Led by a new class of high-profile sponsors, SPACs, once a last resort for companies needing to access liquidity, have stormed into the equity markets in 2020 as another way for executives to take their companies public that provides more certainty than the IPO — something that became much more attractive after volatility ripped through the market in March and April.
"You get to figure out everything up front before you sign the papers and before you even have to tell anyone you've begun your process," said Bill Ackman, chairman and CEO of the largest SPAC of 2020, Pershing Square Tontine Holdings Ltd., in a September interview on Bloomberg TV. "Certainty and a $5 billion injection of cash is something I wouldn't walk away so quickly from. If I were the CEO of a private company that needed to raise a lot of cash to go public and had to do it in a reasonable time frame, I would take a very hard look at what we offer."
As of Dec. 18, there were a total of 218 SPACs that went public in the U.S., raising $74.49 billion in the process, according to S&P Global Market Intelligence data.
Pershing Square Tontine, which raised $4 billion in its July IPO, has reportedly had conversations with several high-profile private companies about a merger, including Airbnb. The home-rental company eventually opted to go public through a regular offering, but it was not a vanilla IPO.
Auctions and "euphoria"
Along with Unity Software and DoorDash, Airbnb went public in 2020 using an auction-style IPO where investors disclosed ahead of time how much stock they wanted and for what price. The model then allowed the companies to assemble a demand curve that ultimately provided them with more power when negotiating their stocks' opening prices with the underwriters in hopes of minimizing the amount of money being "left on the table," according to University of Florida finance professor Jay Ritter, who tracks IPOs.

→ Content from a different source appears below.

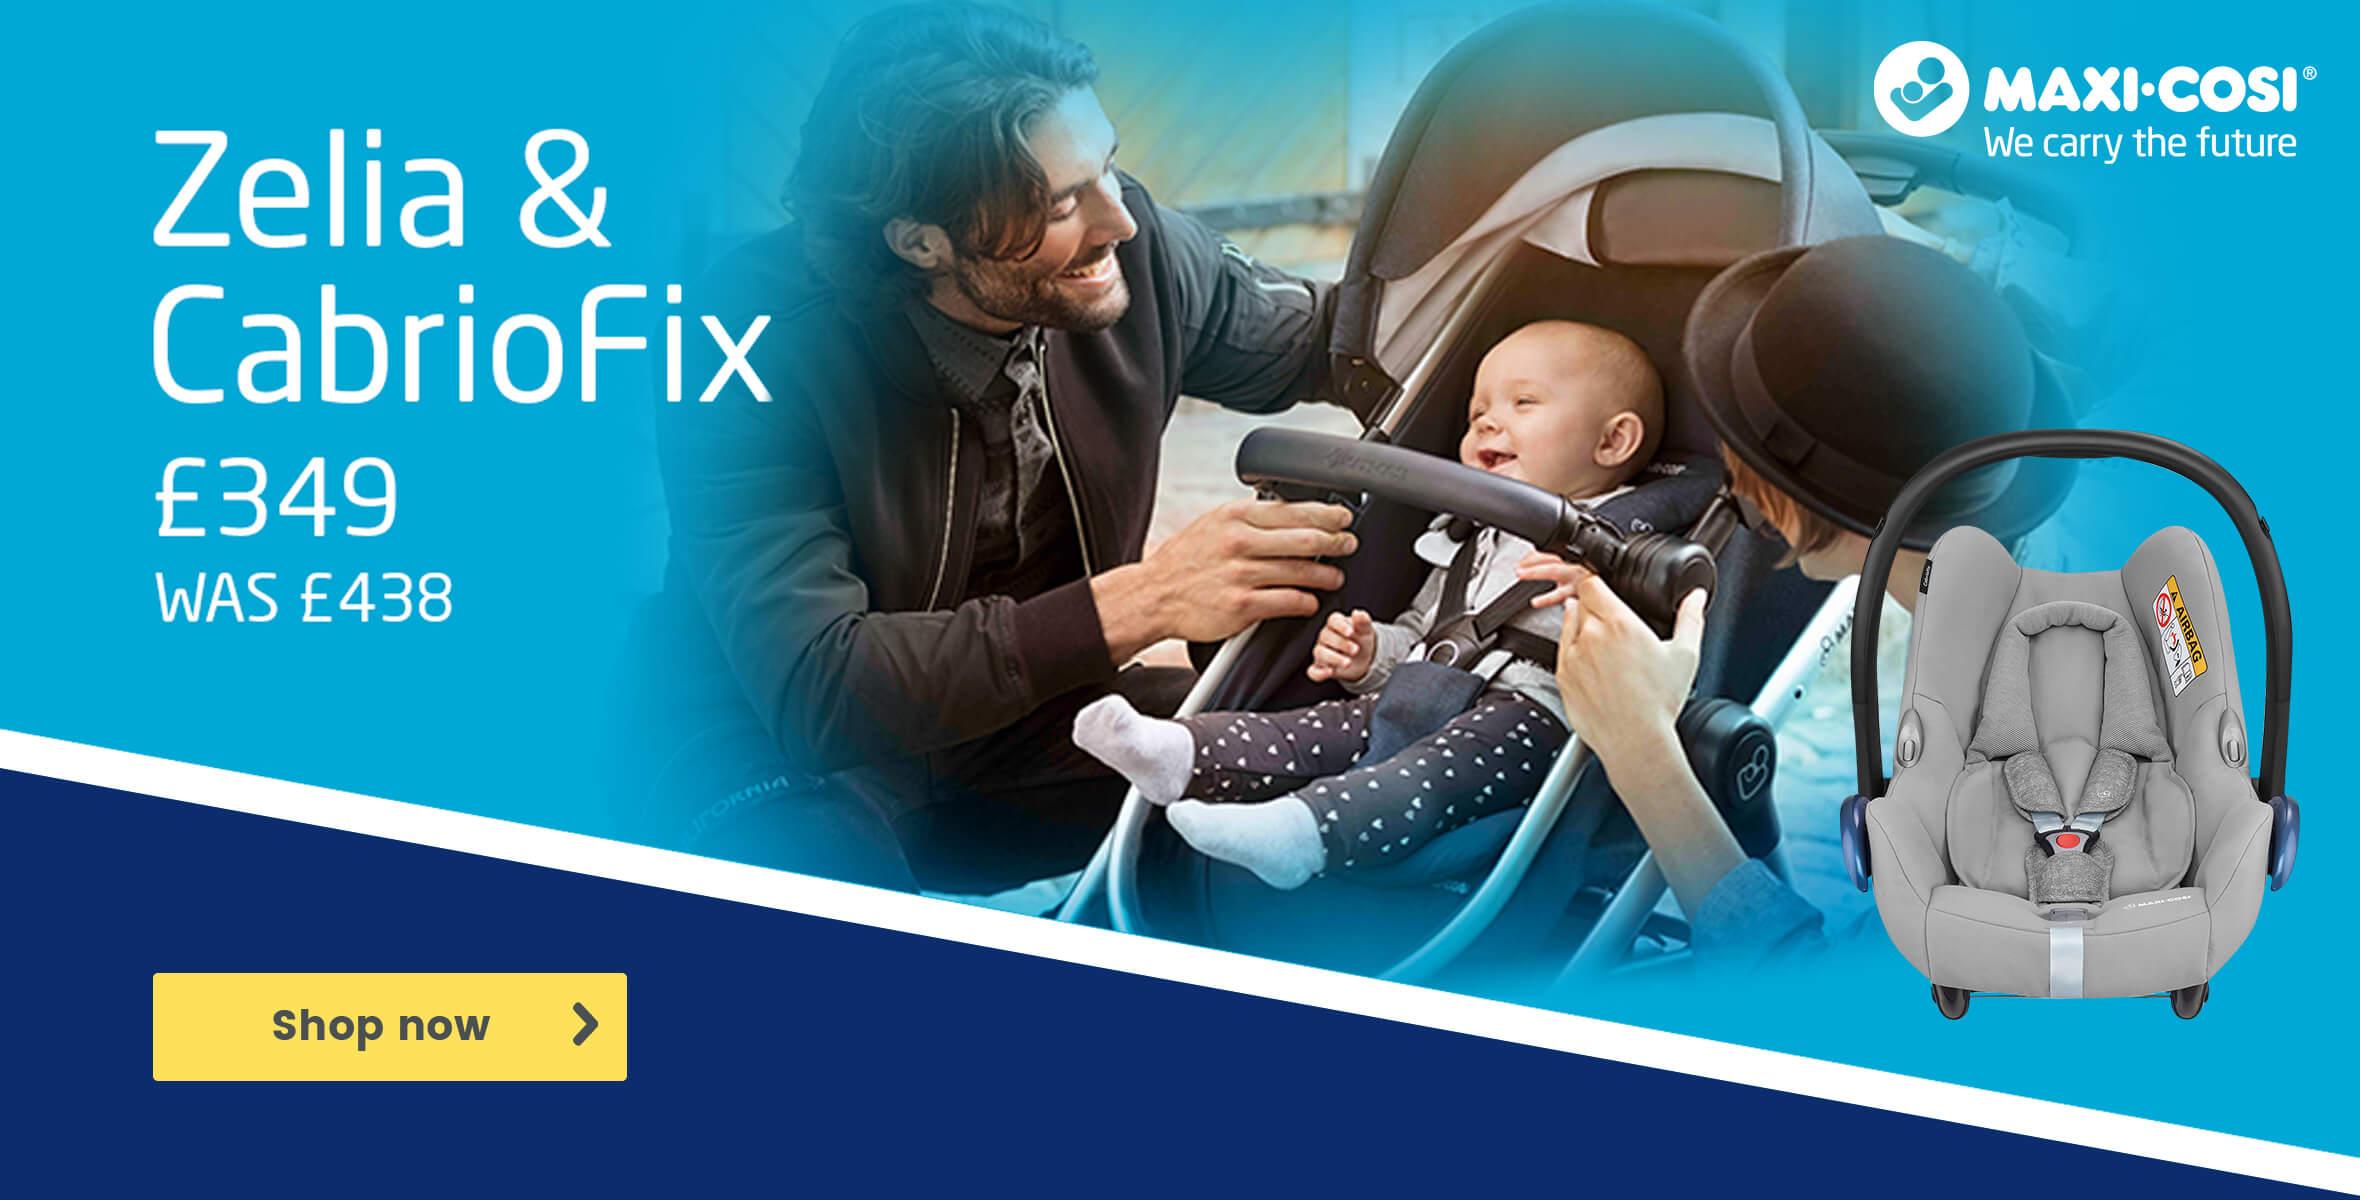 Maxi-Cosi Zelia & CabrioFix Now £349

But despite their intention of more closely matching a debut stock's price with investors' appetite for it, auction IPOs this year saw particularly high first-day price pops. And some market observers are beginning to caution that the demand for new stocks is running too hot, regardless of how those stocks get to market.
Unity's stock jumped about 30% on the day of its debut. DoorDash saw a more than 80% pop on Dec. 9 when it began trading, while Airbnb shares rose by more than 100% on its first day. Part of the reason why both Airbnb and DoorDash saw such big pops was from the increased role that retail investors are playing in the U.S. equity markets today. Goldman Sachs Chairman and CEO David Solomon and Securities and Exchange Commission Chairman Jay Clayton both referred to those price spikes as "euphoria" among individual investors in separate interviews on CNBC the week of Dec. 14.
Ritter said he was not concerned about valuations being too high in the U.S. equity markets for most of 2020, but his view has changed with recent IPOs generating such staggering first-day returns.
The average proceeds-weighted return of a company on its first day of trading in 2020 has been 48.8%, and at the height of the dot-com bubble in 2000, the average proceeds-weighted return for first-day trading was 45.8%, Ritter said.
"The last 14 IPOs at [Dec. 11's] close were up an average of over 100%. I had thought in early fall, when we were seeing the very high returns, that it was a temporary thing, that things would settle down," Ritter said in an interview. "But they haven't settled down. They've gotten more extreme lately."